Was ist das Interessante an Islands Musikszene?

"Keiner möchte sich einschränken oder gibt sich selbst einen Stempel. Jeder ist bereit, Grenzen zu überschreiten. Was mir noch sehr gut gefällt, ist der Zusammenhalt zwischen den Generationen. Als ich 13 war, bin ich zum größten Popstar Islands gegangen und habe ihn gefragt, ob er mir sein E-Piano leihen würde, und er sagte ja. Es hat mich weitergebracht, dass ich mit Menschen sprechen konnte, die älter waren als ich und bereit, mich an ihren Erfahrungen teilhaben zu lassen. Ich versuche das auch weiterzugeben. Ein Star in Island ist eben kein richtiger Star, es sind immer noch Menschen, denen man ganz normal begegnen kann. Ich habe die Erfahrung gemacht, dass diese Menschen nicht nur groß, sondern auch sehr nett sind. Sie sind bereit, mit dir zu teilen. Die Leute, die nicht teilen, deren Kunst ist schnell weg vom Fenster [lacht].
Oder schau dir Björk an. Wenn sie Feuer für etwas fängt, möchte sie es mit anderen Leuten teilen. Sie nimmt anderen Leuten Kassetten auf. Sie hat die Sickness-Tapes erfunden. Immer, wenn ein Freund bei dem, was er macht, von jemandem beeinflusst wurde, nimmt sie Kassetten auf mit genau dem gleichen Kram, um den Einfluss sichtbar zu machen und um ihn davon zu heilen. Es kann also interessant sein, in Island krank zu sein. Zumindest, wenn man mit Björk befreundet ist [lacht]."

In "Angel Of The Universe" geht es um einen gemeinsamen Freund von dir und dem Regisseur. War es nicht schwer, etwas so Persönliches zu verfilmen und zu vertonen?

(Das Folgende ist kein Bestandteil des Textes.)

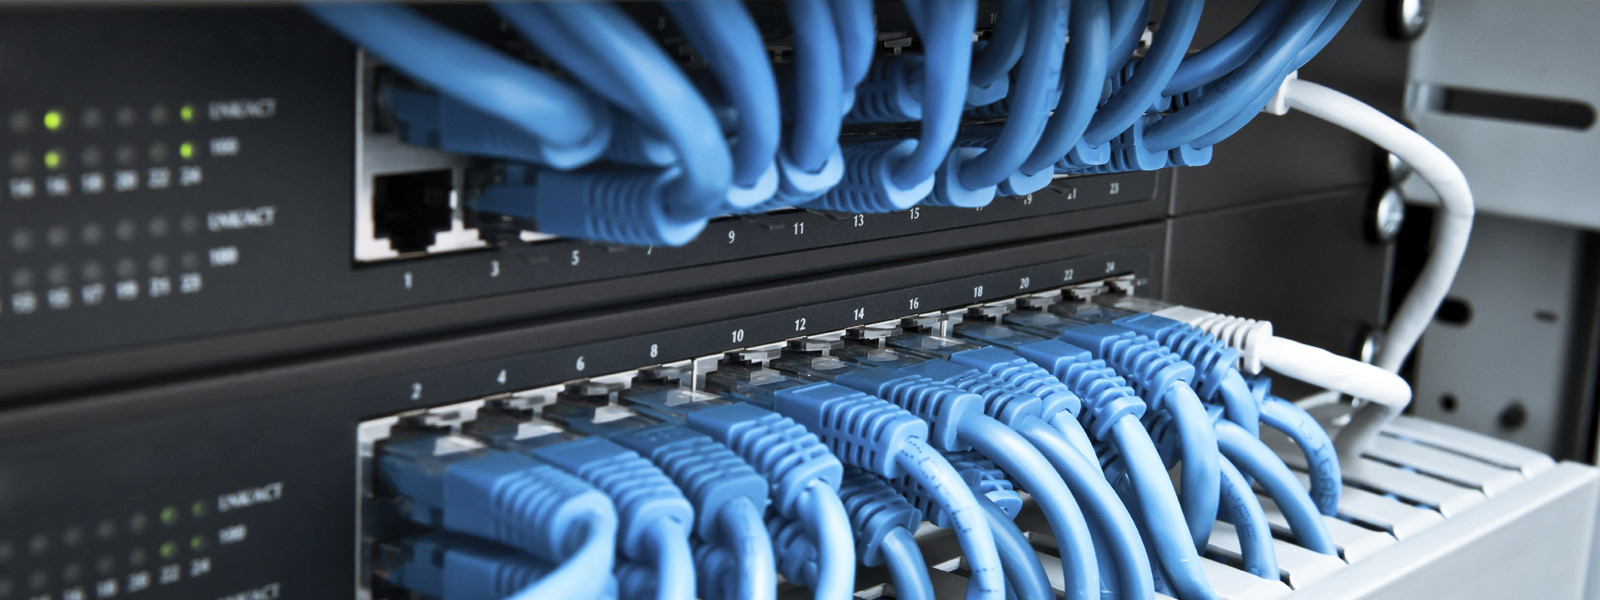 Registro de dominios, Hosting alojamiento web, servicio de correo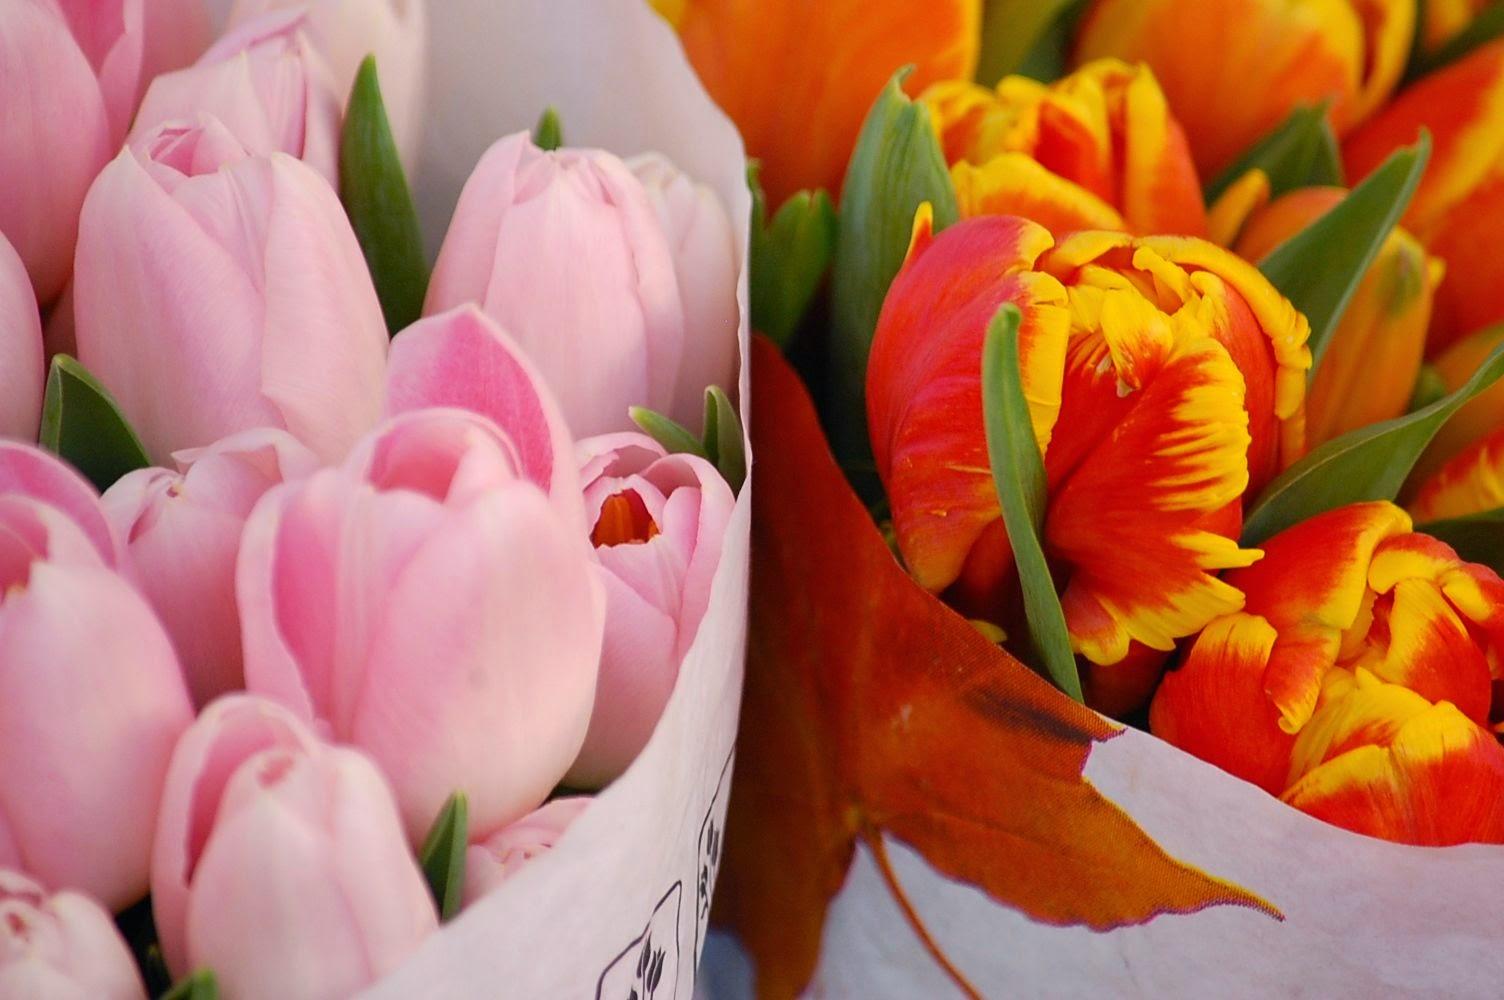 tulips campo di fiori rome italy

"Es war absolut notwendig. Zu dem Zeitpunkt, als es unserem Freund so ging, waren wir sehr jung und ziemliche Idioten. Wir haben Geisteskrankheiten nicht so ernst genommen. Wir haben viel darüber gelesen, aber wir dachten, dass diese ganzen Psychologiebücher nur versuchen, abweichendem Verhalten einen Stempel aufzudrücken. Für uns war seine Krankheit sein Aufstieg zu einem höheren Wesen, er hatte ständigen Kontakt mit seinem Unterbewusstsein. Wir haben die Schizophrenie unseres Freundes romantisiert, dabei ist da nichts Romantisches dran, er hat sich letzten Endes umgebracht. Wir mussten durch den Film alles noch mal erleben, um der Sache ein zweites Mal, aber mit dem nötigen Ernst, zu begegnen. Es gibt viel Hilflosigkeit und Schmerz in dieser Geschichte. Es war für uns alle notwendig, unser Verhalten und seine Situation damals zu überdenken.